Problem to work on –
Retype the data exactly, leaving nothing out.

Source information –
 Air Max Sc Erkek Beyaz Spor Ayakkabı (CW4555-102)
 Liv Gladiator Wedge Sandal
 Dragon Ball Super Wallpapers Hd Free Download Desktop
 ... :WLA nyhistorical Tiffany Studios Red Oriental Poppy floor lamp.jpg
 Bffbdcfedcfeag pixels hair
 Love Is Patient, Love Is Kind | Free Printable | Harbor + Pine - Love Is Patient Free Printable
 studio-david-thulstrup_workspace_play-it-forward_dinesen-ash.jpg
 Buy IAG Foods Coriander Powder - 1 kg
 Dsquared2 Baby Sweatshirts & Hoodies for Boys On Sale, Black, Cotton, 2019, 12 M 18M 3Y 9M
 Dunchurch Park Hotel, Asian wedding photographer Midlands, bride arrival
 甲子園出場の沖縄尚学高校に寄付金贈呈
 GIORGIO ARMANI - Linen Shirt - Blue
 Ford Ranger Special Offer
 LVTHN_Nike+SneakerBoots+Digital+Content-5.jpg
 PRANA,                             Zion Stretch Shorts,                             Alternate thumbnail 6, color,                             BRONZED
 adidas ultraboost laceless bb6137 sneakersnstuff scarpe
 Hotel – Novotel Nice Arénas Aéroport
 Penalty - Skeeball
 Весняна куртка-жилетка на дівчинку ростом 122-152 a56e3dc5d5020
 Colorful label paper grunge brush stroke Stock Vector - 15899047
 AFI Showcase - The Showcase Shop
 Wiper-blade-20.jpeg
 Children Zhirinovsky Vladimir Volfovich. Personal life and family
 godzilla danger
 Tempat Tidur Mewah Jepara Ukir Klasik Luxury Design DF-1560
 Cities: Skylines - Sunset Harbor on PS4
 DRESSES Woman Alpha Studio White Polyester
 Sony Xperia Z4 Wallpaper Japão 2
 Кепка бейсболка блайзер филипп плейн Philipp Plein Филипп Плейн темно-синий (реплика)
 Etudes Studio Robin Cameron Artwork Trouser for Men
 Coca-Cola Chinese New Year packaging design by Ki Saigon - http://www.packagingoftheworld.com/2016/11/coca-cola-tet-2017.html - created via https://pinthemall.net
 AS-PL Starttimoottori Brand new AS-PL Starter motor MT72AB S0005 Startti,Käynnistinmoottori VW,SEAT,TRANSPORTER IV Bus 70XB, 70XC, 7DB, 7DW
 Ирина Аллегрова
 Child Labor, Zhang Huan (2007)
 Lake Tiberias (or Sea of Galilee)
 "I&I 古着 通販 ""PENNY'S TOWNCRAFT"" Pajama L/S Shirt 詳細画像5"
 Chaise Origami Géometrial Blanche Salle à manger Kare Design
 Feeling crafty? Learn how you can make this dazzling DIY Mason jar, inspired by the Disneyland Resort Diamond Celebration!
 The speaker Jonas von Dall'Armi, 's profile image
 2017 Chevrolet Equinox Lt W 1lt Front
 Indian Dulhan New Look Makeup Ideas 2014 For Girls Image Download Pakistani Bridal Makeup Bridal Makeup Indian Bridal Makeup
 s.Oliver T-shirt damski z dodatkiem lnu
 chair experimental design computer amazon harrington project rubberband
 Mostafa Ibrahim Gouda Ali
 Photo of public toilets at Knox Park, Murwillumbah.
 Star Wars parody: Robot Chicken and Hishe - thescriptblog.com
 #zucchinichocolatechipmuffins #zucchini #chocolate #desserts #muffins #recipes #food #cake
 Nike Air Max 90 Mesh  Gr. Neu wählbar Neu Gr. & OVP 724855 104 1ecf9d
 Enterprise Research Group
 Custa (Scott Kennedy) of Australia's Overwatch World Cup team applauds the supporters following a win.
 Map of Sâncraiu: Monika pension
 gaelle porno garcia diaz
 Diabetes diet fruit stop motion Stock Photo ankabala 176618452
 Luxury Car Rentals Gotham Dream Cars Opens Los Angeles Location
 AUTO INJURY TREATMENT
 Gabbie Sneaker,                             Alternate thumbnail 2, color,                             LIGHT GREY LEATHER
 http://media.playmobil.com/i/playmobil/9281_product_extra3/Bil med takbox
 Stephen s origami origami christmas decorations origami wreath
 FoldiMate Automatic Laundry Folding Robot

Solution to this problem –
 Air Max Sc Erkek Beyaz Spor Ayakkabı (CW4555-102)
 Liv Gladiator Wedge Sandal
 Dragon Ball Super Wallpapers Hd Free Download Desktop
 ... :WLA nyhistorical Tiffany Studios Red Oriental Poppy floor lamp.jpg
 Bffbdcfedcfeag pixels hair
 Love Is Patient, Love Is Kind | Free Printable | Harbor + Pine - Love Is Patient Free Printable
 studio-david-thulstrup_workspace_play-it-forward_dinesen-ash.jpg
 Buy IAG Foods Coriander Powder - 1 kg
 Dsquared2 Baby Sweatshirts & Hoodies for Boys On Sale, Black, Cotton, 2019, 12 M 18M 3Y 9M
 Dunchurch Park Hotel, Asian wedding photographer Midlands, bride arrival
 甲子園出場の沖縄尚学高校に寄付金贈呈
 GIORGIO ARMANI - Linen Shirt - Blue
 Ford Ranger Special Offer
 LVTHN_Nike+SneakerBoots+Digital+Content-5.jpg
 PRANA,                             Zion Stretch Shorts,                             Alternate thumbnail 6, color,                             BRONZED
 adidas ultraboost laceless bb6137 sneakersnstuff scarpe
 Hotel – Novotel Nice Arénas Aéroport
 Penalty - Skeeball
 Весняна куртка-жилетка на дівчинку ростом 122-152 a56e3dc5d5020
 Colorful label paper grunge brush stroke Stock Vector - 15899047
 AFI Showcase - The Showcase Shop
 Wiper-blade-20.jpeg
 Children Zhirinovsky Vladimir Volfovich. Personal life and family
 godzilla danger
 Tempat Tidur Mewah Jepara Ukir Klasik Luxury Design DF-1560
 Cities: Skylines - Sunset Harbor on PS4
 DRESSES Woman Alpha Studio White Polyester
 Sony Xperia Z4 Wallpaper Japão 2
 Кепка бейсболка блайзер филипп плейн Philipp Plein Филипп Плейн темно-синий (реплика)
 Etudes Studio Robin Cameron Artwork Trouser for Men
 Coca-Cola Chinese New Year packaging design by Ki Saigon - http://www.packagingoftheworld.com/2016/11/coca-cola-tet-2017.html - created via https://pinthemall.net
 AS-PL Starttimoottori Brand new AS-PL Starter motor MT72AB S0005 Startti,Käynnistinmoottori VW,SEAT,TRANSPORTER IV Bus 70XB, 70XC, 7DB, 7DW
 Ирина Аллегрова
 Child Labor, Zhang Huan (2007)
 Lake Tiberias (or Sea of Galilee)
 "I&I 古着 通販 ""PENNY'S TOWNCRAFT"" Pajama L/S Shirt 詳細画像5"
 Chaise Origami Géometrial Blanche Salle à manger Kare Design
 Feeling crafty? Learn how you can make this dazzling DIY Mason jar, inspired by the Disneyland Resort Diamond Celebration!
 The speaker Jonas von Dall'Armi, 's profile image
 2017 Chevrolet Equinox Lt W 1lt Front
 Indian Dulhan New Look Makeup Ideas 2014 For Girls Image Download Pakistani Bridal Makeup Bridal Makeup Indian Bridal Makeup
 s.Oliver T-shirt damski z dodatkiem lnu
 chair experimental design computer amazon harrington project rubberband
 Mostafa Ibrahim Gouda Ali
 Photo of public toilets at Knox Park, Murwillumbah.
 Star Wars parody: Robot Chicken and Hishe - thescriptblog.com
 #zucchinichocolatechipmuffins #zucchini #chocolate #desserts #muffins #recipes #food #cake
 Nike Air Max 90 Mesh  Gr. Neu wählbar Neu Gr. & OVP 724855 104 1ecf9d
 Enterprise Research Group
 Custa (Scott Kennedy) of Australia's Overwatch World Cup team applauds the supporters following a win.
 Map of Sâncraiu: Monika pension
 gaelle porno garcia diaz
 Diabetes diet fruit stop motion Stock Photo ankabala 176618452
 Luxury Car Rentals Gotham Dream Cars Opens Los Angeles Location
 AUTO INJURY TREATMENT
 Gabbie Sneaker,                             Alternate thumbnail 2, color,                             LIGHT GREY LEATHER
 http://media.playmobil.com/i/playmobil/9281_product_extra3/Bil med takbox
 Stephen s origami origami christmas decorations origami wreath
 FoldiMate Automatic Laundry Folding Robot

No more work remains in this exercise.